> Task goal
Send back the data below exactly. Drop every picture.

═════ Dataset section ═════

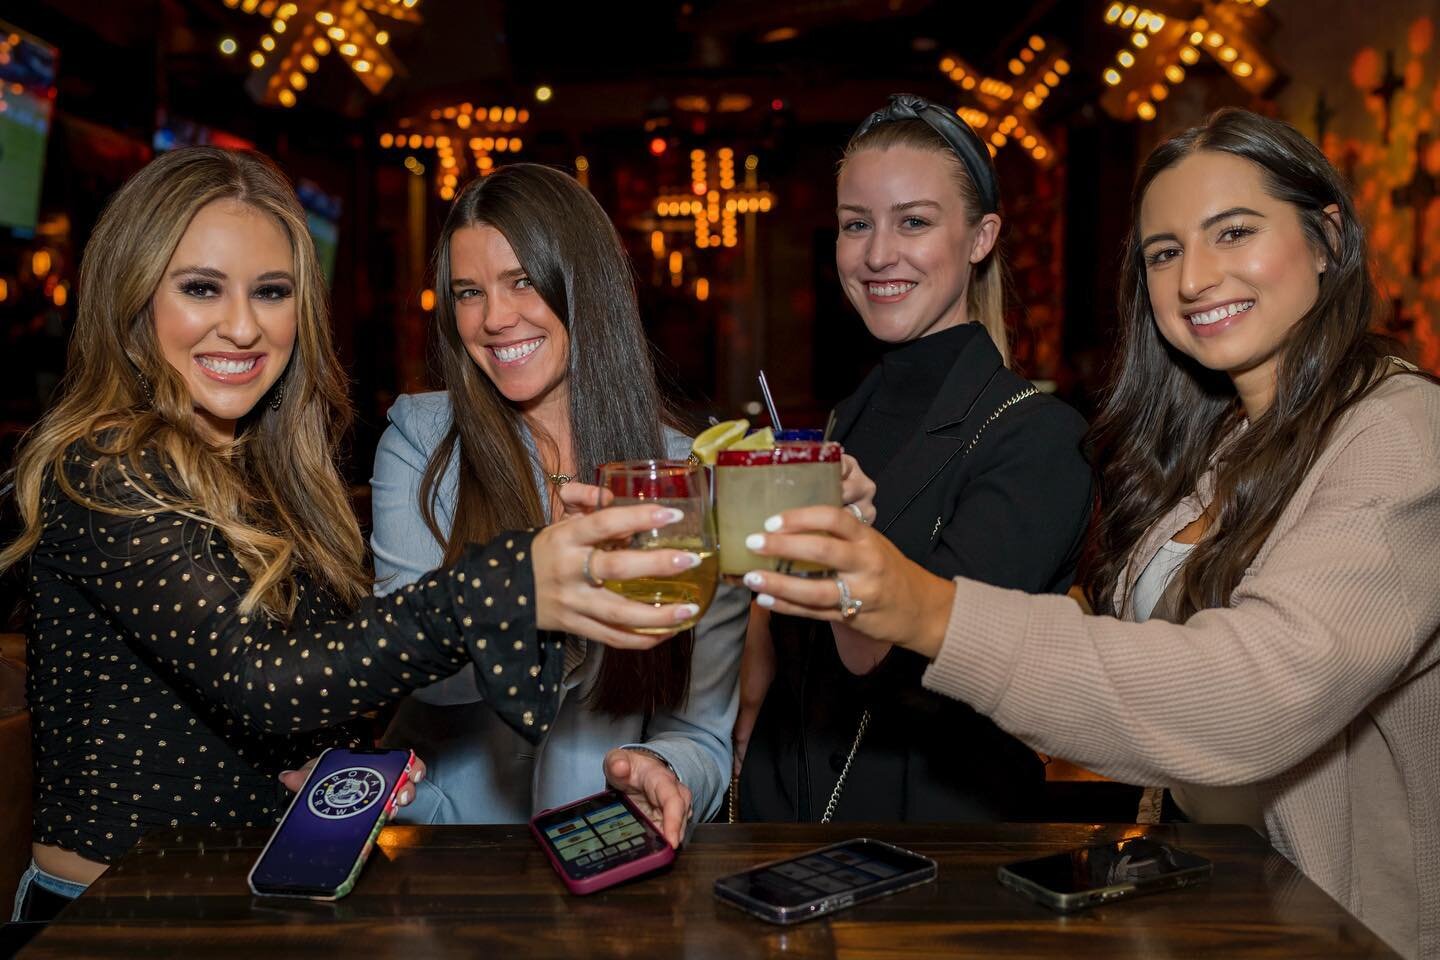 CHEERS to being halfway through the week! 

Join us on our Daily Bar Crawl through The LINQ Promenade. Use code LINQ40 for 40% off!
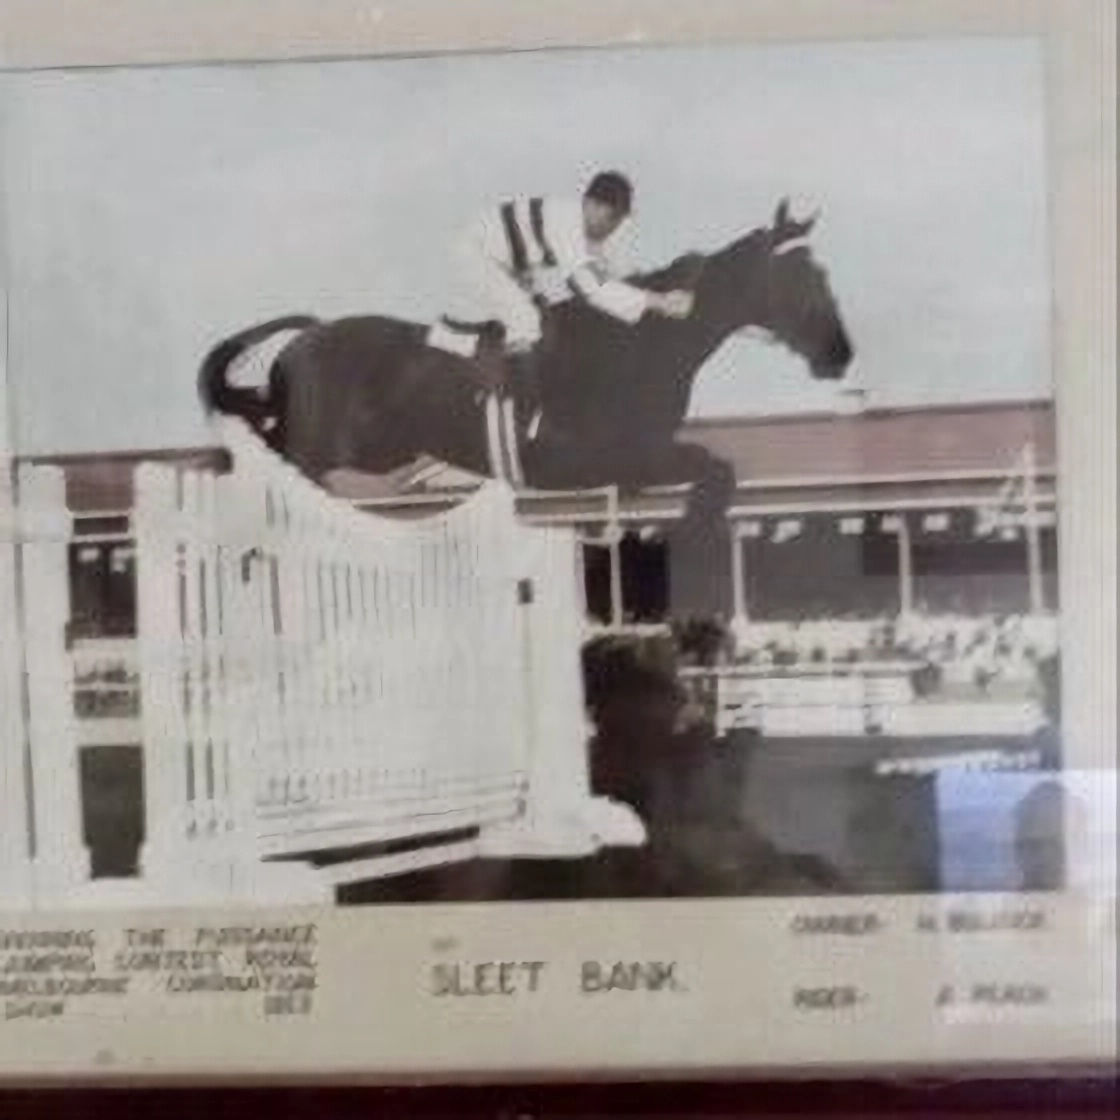 Allan Peach winning the Inaugural Puissance held in Australia at the Royal Melbourne Coronation Show in 1953, jumping A Riviera Gate,  height was 6ft. 2 The horse was named SLEET BANK

═════

> Exercise solution
 CHEERS to being halfway through the week! 

Join us on our Daily Bar Crawl through The LINQ Promenade. Use code LINQ40 for 40% off!
 Allan Peach winning the Inaugural Puissance held in Australia at the Royal Melbourne Coronation Show in 1953, jumping A Riviera Gate,  height was 6ft. 2 The horse was named SLEET BANK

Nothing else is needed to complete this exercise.